Institut de Biotecnologia i de Biomedicina, Universitat Autònoma de Barcelona, 08193 Bellaterra (Barcelona), Spain.
CIBIO/InBIO Research Center in Biodiversity and Genetic Resources, University of Porto, 4485-661 Vairão, Portugal.
Genome Res. 2020 May;30(5):724-735. doi: 10.1101/gr.255273.119. Epub 2020 May 18.

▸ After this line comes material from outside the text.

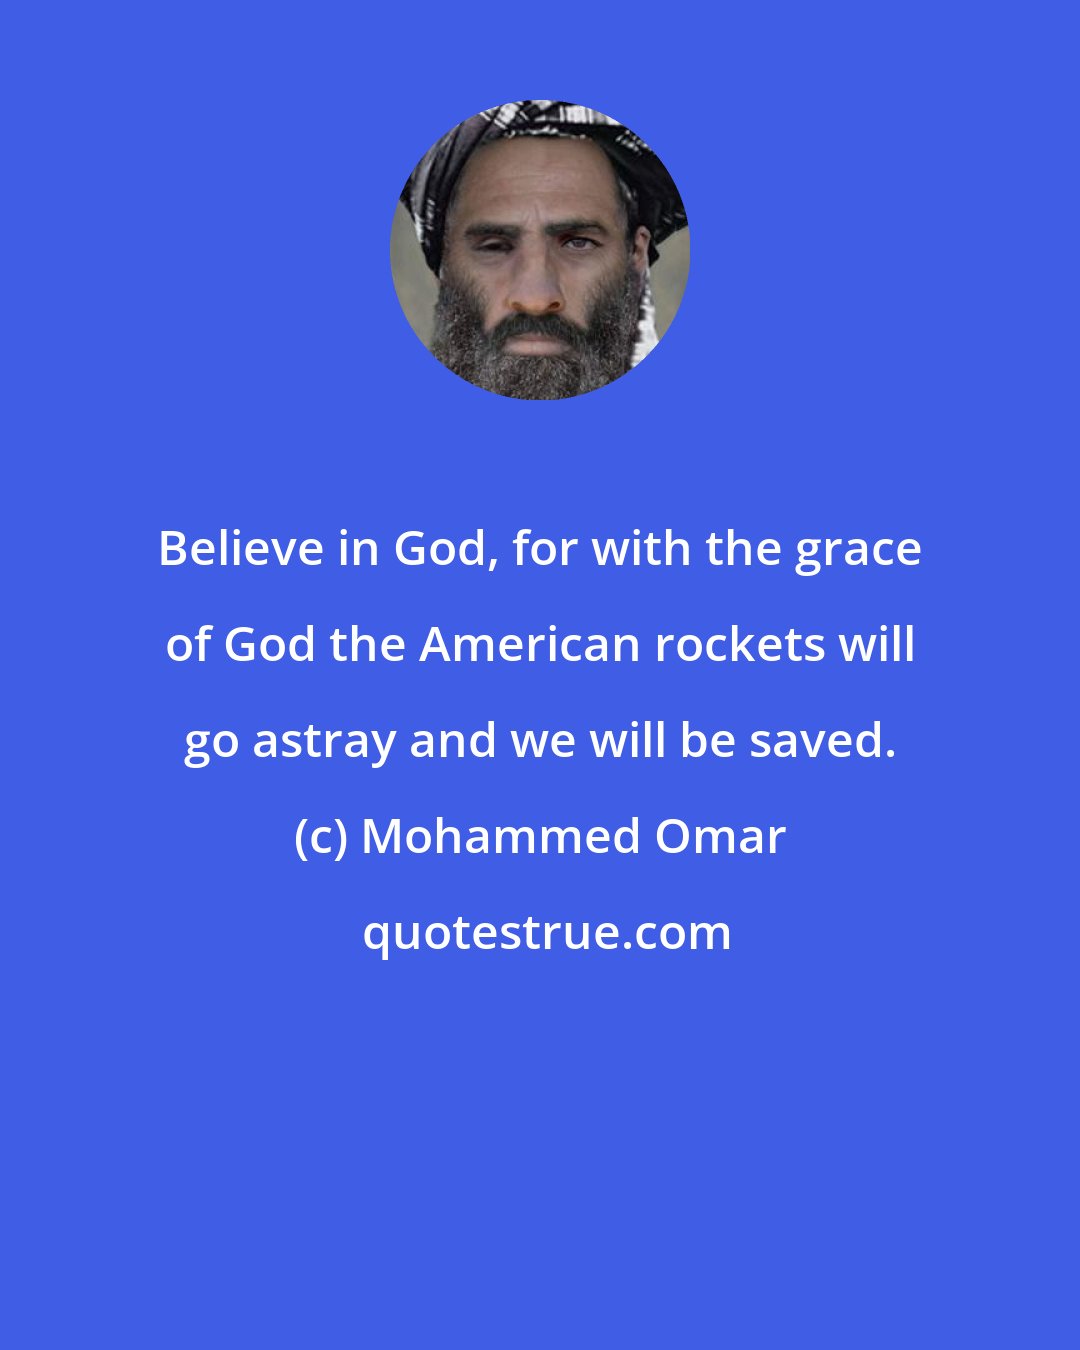 Mohammed Omar: Believe in God, for with the grace of God the American rockets will go astray and we will be saved.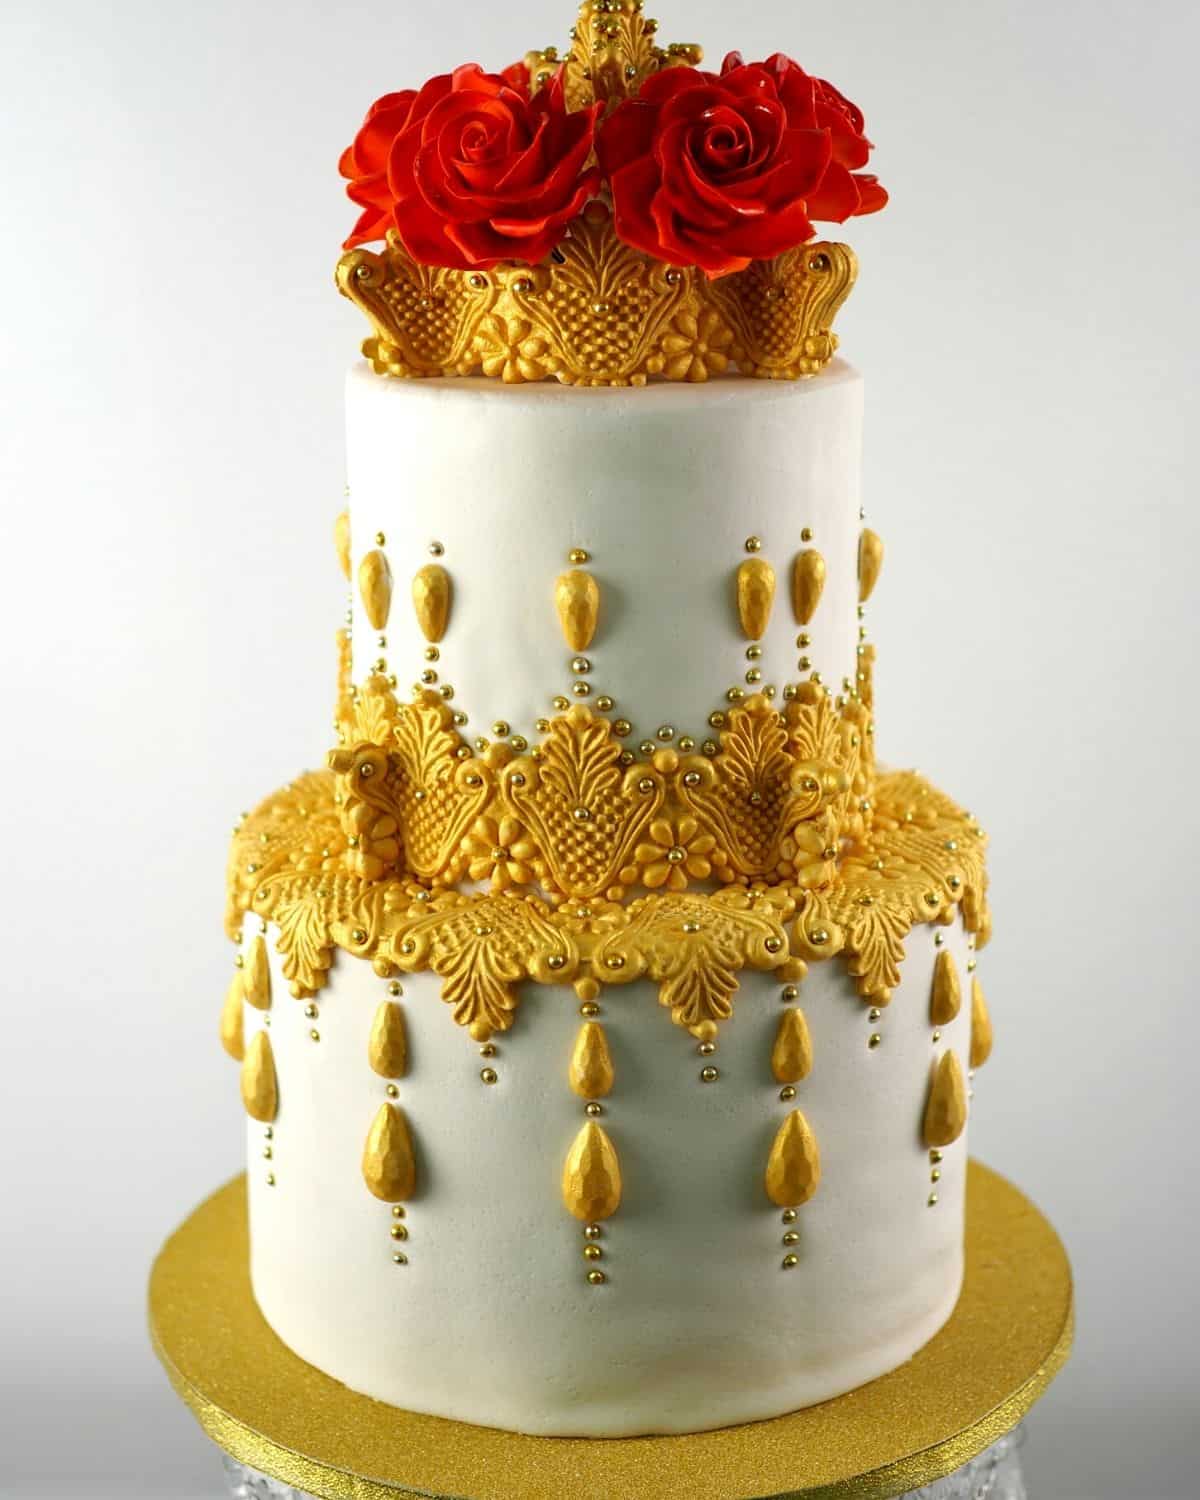 A white cake decorated with gold painted molded fondant and gold dragees

Despite the interest in characterizing genomic variation, the presence of large repeats at the breakpoints hinders the analysis of many structural variants. This is especially problematic for inversions, since there is typically no gain or loss of DNA. Here, we tested novel linkage-based droplet digital PCR (ddPCR) assays to study 20 inversions ranging from 3.1 to 742 kb flanked by inverted repeats (IRs) up to 134 kb long. Of those, we validated 13 inversions predicted by different genome-wide techniques. In addition, we obtained new experimental human population information across 95 African, European, and East Asian individuals for 16 inversions, including four already validated variants without high-throughput genotyping methods. Through comparison with previous data, independent replicates and both inversion breakpoints, we demonstrate that the technique is highly accurate and reproducible. Most studied inversions are widespread across continents, and their frequency is negatively correlated with genetic length. Moreover, all except two show clear signs of being recurrent, and we could better define the factors affecting recurrence levels and estimate the inversion rate across the genome. Finally, the generated genotypes have allowed us to check inversion functional effects, validating gene expression differences reported before for two inversions and finding new candidate associations. Therefore, the developed methodology makes it possible to screen these and other complex genomic variants quickly in a large number of samples for the first time, highlighting the importance of direct genotyping to assess their potential consequences and clinical implications.
尽管人们对描述基因组变异很感兴趣,但在断点处存在大的重复序列会阻碍许多结构变异的分析。这对于倒位来说尤其成问题,因为通常不会有 DNA 的获得或丢失。在这里,我们测试了新的基于连锁的液滴数字 PCR (ddPCR) 检测方法,以研究 20 个倒位,这些倒位的侧翼是长达 134kb 的反向重复(IRs),长度从 3.1kb 到 742kb 不等。其中,我们验证了通过不同的全基因组技术预测的 13 个倒位。此外,我们在 95 个非洲、欧洲和东亚个体中获得了 16 个倒位的新的人类群体实验信息,其中包括四个没有高通量基因分型方法的已验证变体。通过与以前的数据、独立重复和两个反转点进行比较,我们证明了该技术具有高度的准确性和可重复性。大多数研究的倒位在各大洲都很普遍,其频率与遗传长度呈负相关。此外,除了两个以外,所有的倒位都显示出明显的重复发生的迹象,我们可以更好地定义影响重复水平的因素,并估计整个基因组的反转率。最后,生成的基因型使我们能够检查反转的功能效应,验证以前报道的两个反转的基因表达差异,并发现新的候选关联。因此,该方法首次使我们能够在大量样本中快速筛选这些和其他复杂的基因组变体,突出了直接基因分型来评估它们潜在后果和临床意义的重要性。